A Long-Awaited Reform for Labour Mobility
On 30 April 2026, the European Commission welcomed the political agreement reached on the revision of the EU social security coordination rules, describing it as an important step towards modernizing the framework governing labour mobility within the European Union. The reform aims to adapt the current rules to today’s labour market realities while ensuring fair mobility and stronger protection for workers moving across Member States.
The existing coordination framework, mainly based on Regulations 883/2004 and 987/2009, does not replace national social security systems. Instead, it ensures that individuals exercising their right to free movement within the EU do not lose access to social security protection when working or residing in another Member State.
According to the European Commission, around 16 million EU citizens currently live or work in a Member State other than their own, highlighting the importance of clear and updated coordination rules.
Stronger Rules on the Posting of Workers
One of the main areas addressed by the reform concerns the posting of workers. The revised rules aim to strengthen legal certainty and prevent abusive practices linked to cross-border postings.
Among the key changes introduced is the requirement for workers to be affiliated with the social security system of the sending Member State for at least three months before the posting starts. In addition, after 24 months of posting, a mandatory two-month gap will apply between two posting periods concerning the same worker and undertaking.
The revised rules also provide that postings must be notified before they take place, except for business trips and certain short-term postings of up to three days outside the construction sector.

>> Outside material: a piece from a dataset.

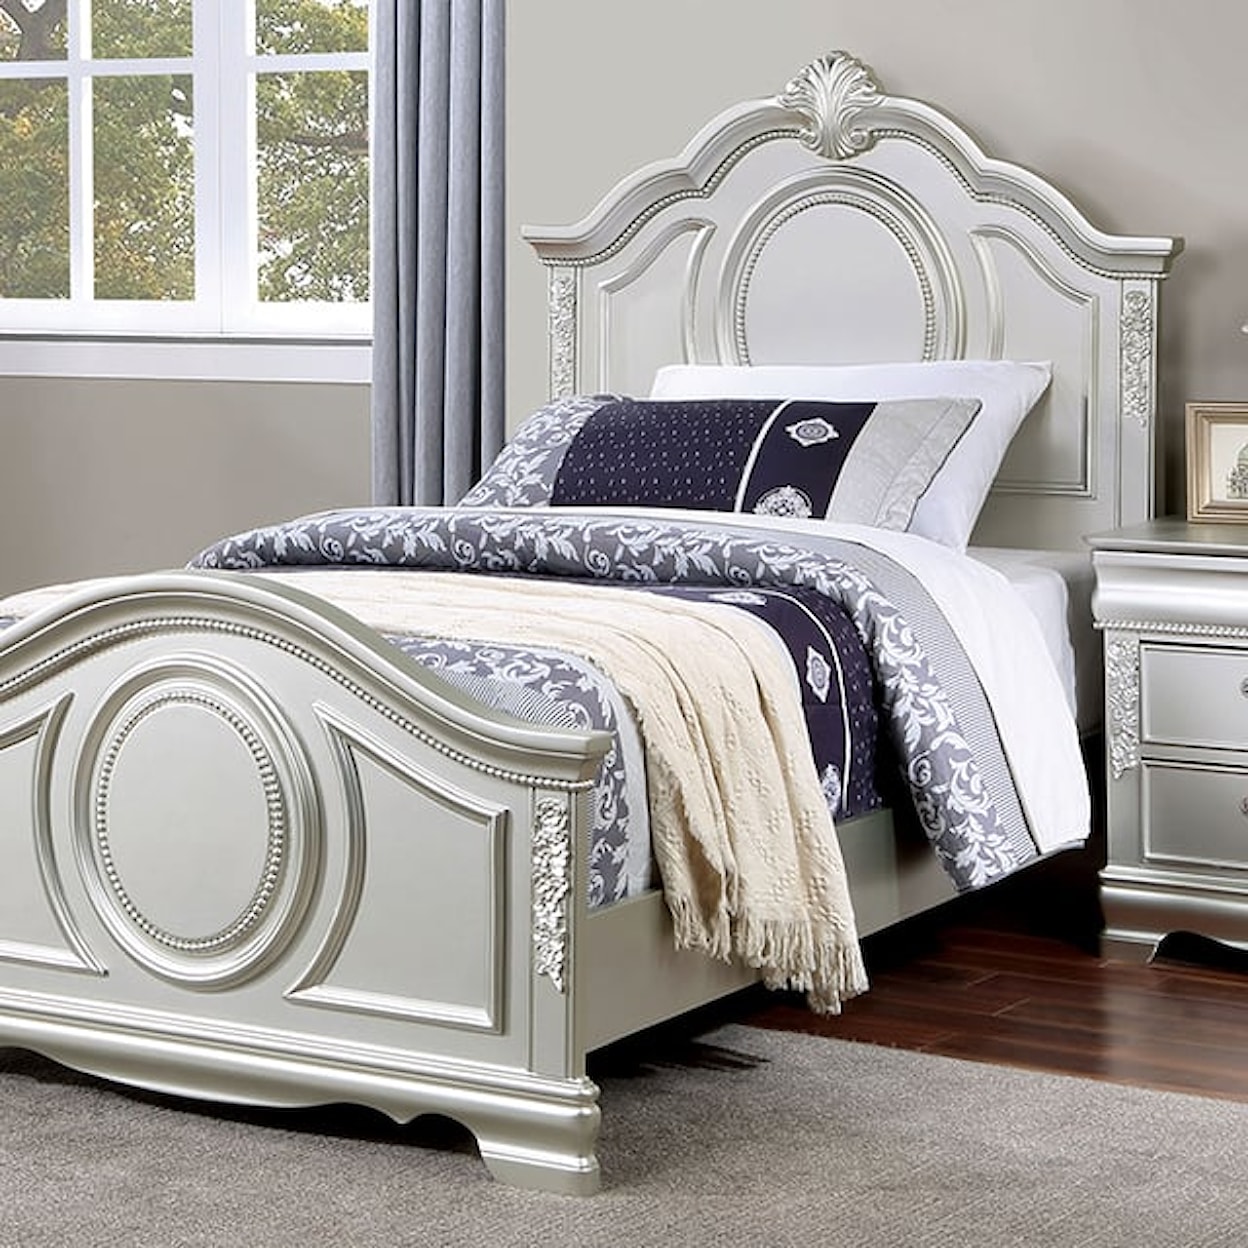 Furniture of America Alecia Twin Bed with Wood Carved Details

According to the Commission, these measures aim to strengthen administrative cooperation between Member States and enhance efforts to combat fraud and misuse of social security coordination rules.
Clearer Provisions for Cross-Border Benefits
The reform also updates the rules concerning unemployment benefits for cross-border workers. In particular, unemployed persons seeking work in another Member State will be able to export their unemployment benefits for a longer period than currently allowed.
The reform also clarifies the rules on family benefits and long-term care benefits, areas that have often generated legal uncertainty and administrative difficulties for both citizens and authorities. The revised framework is also expected to simplify procedures and reduce administrative burdens for employers and institutions.
Key Principles of EU Coordination
The EU social security coordination framework is based on fundamental principles aimed at protecting citizens moving within the Union. Individuals are subject to the legislation of only one Member State at a time and therefore pay contributions in one country only, while also benefiting from equal treatment with nationals of that State.
The rules also ensure that authorities take into account periods of insurance, employment, or residence completed in different Member States when determining entitlement to benefits. In addition, citizens entitled to certain cash benefits, such as pensions or family benefits, may generally continue receiving them even when residing in another Member State.
Next Steps
Although the political agreement marks a major milestone, both the European Parliament and the Council must still formally adopt the revised rules before they enter into force.
Nevertheless, the Commission considers the agreement an important achievement in supporting fair labour mobility and ensuring that EU social security coordination rules remain fit for purpose in an increasingly mobile European labour market.